There is no, and since January 1, 2002, there has been no,
work stoppage, strike, slowdown, picketing or other labor
disturbance or controversy by or with respect to the Sellers’
employees or former employees. In addition, except as set forth on
Schedule 5.22 , no dispute with or claim against the
Sellers relating to any labor or employment matter including
employment practices, discrimination, terms and conditions of
employment, or wages and hours is outstanding or, to the
Sellers’
24
Knowledge, is threatened. There is no claim or petition pending
before, and at no time since January 1, 2005, has there been,
any claim or petition made to, any governmental or regulatory
authority including the National Labor Relations Board or the Equal
Employment Opportunity Commission against the Sellers with respect
to any labor or employment matter, except as set forth on
Schedule 5.22 .
5.23
Employee Benefit Plans .
(a) No
action or failure to take an action by the Sellers, any Affiliate
of the Sellers (including Affiliates by reason of
Sections 414(b), 414(c) or 414(m) of the Code (“
ERISA Affiliates ”)), or any other person, and
no facts or circumstances exist that, could directly or indirectly
subject the Buyer or any of its Affiliates (or any of their
employees or directors) to any Liability of any nature with respect
to any pension, profit-sharing, welfare, hospitalization,
insurance, bonus, incentive, perquisite, paid time off, severance,
employment or other benefit plan, policy, practice or agreement
which is now, or has been at any time, sponsored, maintained,
contributed to, or required to be contributed to by the Sellers or
any of their ERISA Affiliates, to which the Sellers or any of their
ERISA Affiliates are a party, or with respect to which the Sellers
or any of their ERISA Affiliates has or could have any Liability of
any nature (each such plan, policy, practice or agreement is
referred to herein as a “ Benefit Plan
”).
(b) The
only Benefit Plan sponsored or maintained by the Sellers that is
subject to ERISA is CCS Financial Services, Inc. 401(k) Profit
Sharing Plan. A true and complete copy of such Benefit Plan has
been provided to the Buyer. Neither the Sellers nor any ERISA
Affiliate has ever sponsored, maintained, contributed to or had any
obligation to contribute to any Benefit Plan subject to
Section 412 of the Code, or Title IV of ERISA, or intended to
be qualified under Section 401(a) of the Code. No Employee is
employed outside the United States, and no Benefit Plan is subject
to the laws of any foreign jurisdiction.
(c) Except
as set forth on Schedule 5.23(c)(1) , there are no
current or former employees of the Selling Entity who are on leave
of absence under either of the Uniformed Services Employment or
Reemployment Rights Act or the Family Medical Leave Act.

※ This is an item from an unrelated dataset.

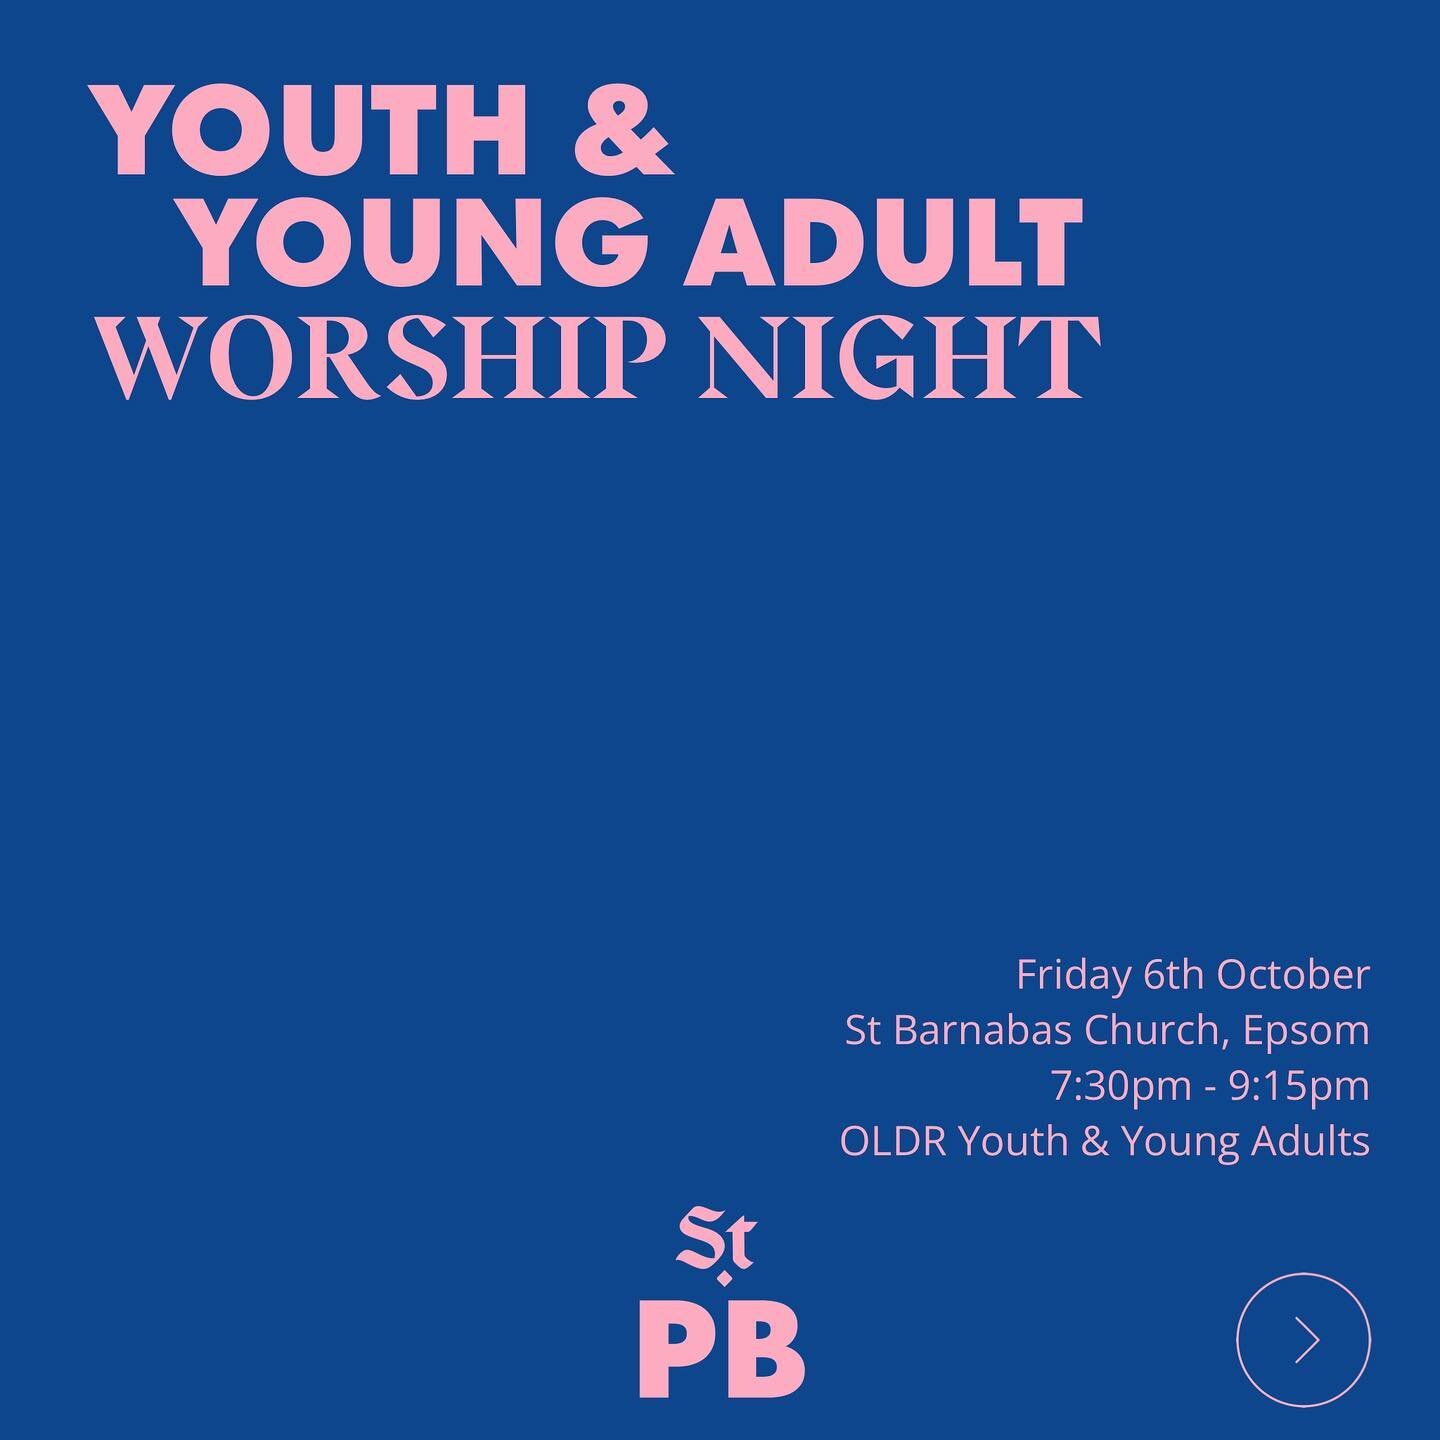 Super excited to gather our OLDR Youth &amp; Young Adults and our minster churches for an evening to worship Jesus, be encouraged in the word, pray for one another and our communities. God is doing something special here, you don&rsquo;t want to miss

Schedule 5.23(c)(2) reflects: (i) each individual
who has elected or has a right to elect continuation coverage under
any Employee Benefit Plan pursuant to COBRA (29 U.S.C.
§§1161 to 1169), as amended; and (ii) the date and
type of each such individual’s qualifying event (as defined
in 29 U.S.C. §1163).
(d) Excluding
(i) death benefits or retirement benefits under any Employee
Benefit Plan that is qualified under Section 401(a) of the Code and
(ii) benefits, the full cost of which is borne by the current
or former employee (or his beneficiary), no Employee Benefit Plan
provides benefits, including death or medical benefits (whether or
not insured), with respect to current or former employees after
retirement or other termination of service.
5.24
Accuracy and Completeness of Information . All written
information furnished to the Buyer by the Sellers that is set forth
in this Agreement or in any schedule to this Agreement (“
Written Information ”) is, and if furnished
after the date of this
25
Agreement, will be, true and correct in all material respects and
does not, and if furnished after the date of this Agreement, shall
not, contain any untrue statement of material fact or fail to state
any material fact necessary to make such Written Information, in
the context and under the circumstances in which it is made, not
misleading.
5.25
FIRTPA . No Seller is a “foreign person,”

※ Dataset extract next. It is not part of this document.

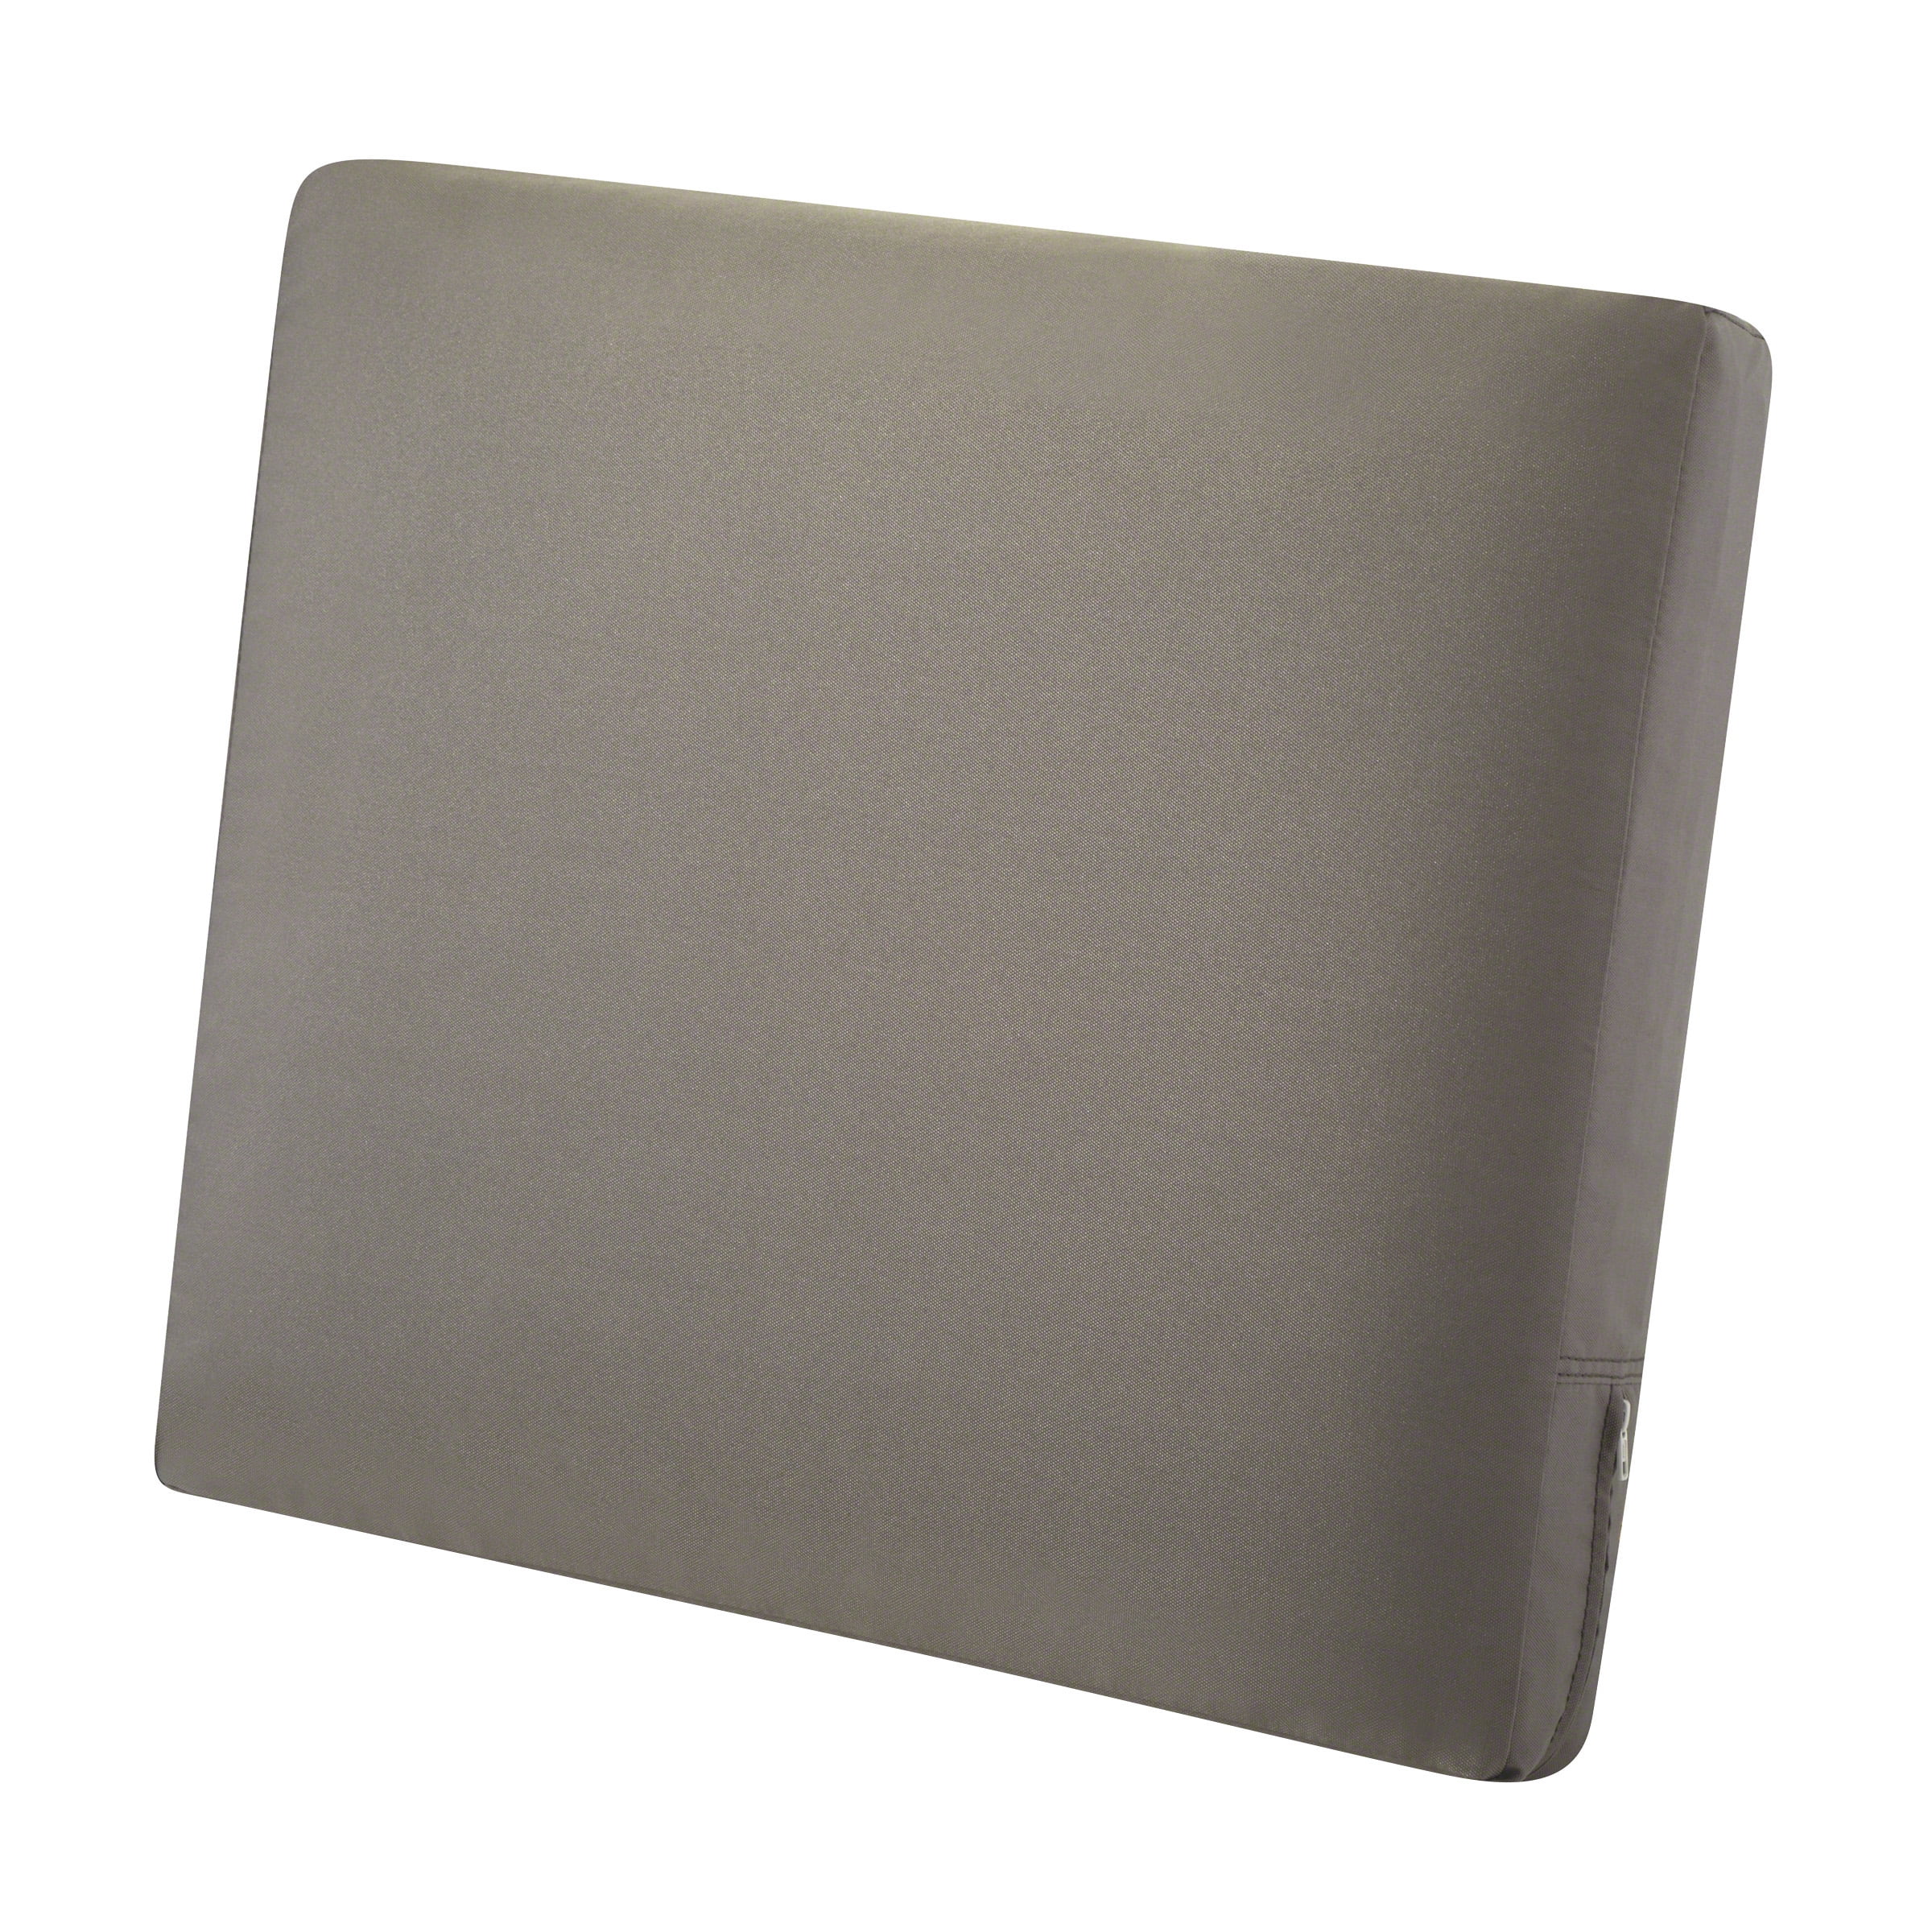 Picture of Classic Accessories 62-024-TAUPE-EC Ravenna Back Cushion Combo, Dark Taupe - 21 x 20 x 4 in.

“foreign corporation” or “foreign
partnership” within the meaning of Section 1445 of the
Code and the regulations thereunder.
5.26
Insurance . Set forth in Schedule 5.26 is a
complete and accurate list and description of all policies of fire,
liability, product liability, workers compensation, health and
other forms of insurance presently in effect with respect to the
Businesses, the Purchased Assets and the Real Property (each a
“ Policy ” and collectively, the “
Policies ”), true and correct copies of which
have heretofore been delivered to the Buyer.
Schedule 5.26 includes, without limitation, the
carrier, the description of coverage, the limits of coverage,
retention or deductible amounts, amount of annual premiums, date of
expiration and the date through which premiums have been paid with
respect to each such Policy, and any pending claims in excess of
$50,000. All such Policies are valid, outstanding and enforceable
policies and provide insurance coverage for the Real Property, the
Purchased Assets and operations of the Selling Entity.
Schedule 5.26 indicates each Policy as to which
(a) the coverage limit has been reached or (b) the total
incurred losses to date equal 75% or more of the coverage limit. No
notice of cancellation, termination or refusal to renew has been
received with respect to any such Policy, and no Seller has
knowledge of any act or omission of the Selling Entity which could
reasonably be expected to result in cancellation of any such Policy
prior to its scheduled expiration date. The Selling Entity has not
been refused any insurance with respect to any aspect of the
operations of the Businesses nor has its coverage been limited by
any insurance carrier to which it has applied for insurance or with
which it has carried insurance during the last three years. The
Selling Entity has duly and timely made all claims it has been
entitled to make under each Policy of insurance, except for claims
that have otherwise been resolved or as to which the Selling Entity
is making good faith commercially reasonable efforts to resolve.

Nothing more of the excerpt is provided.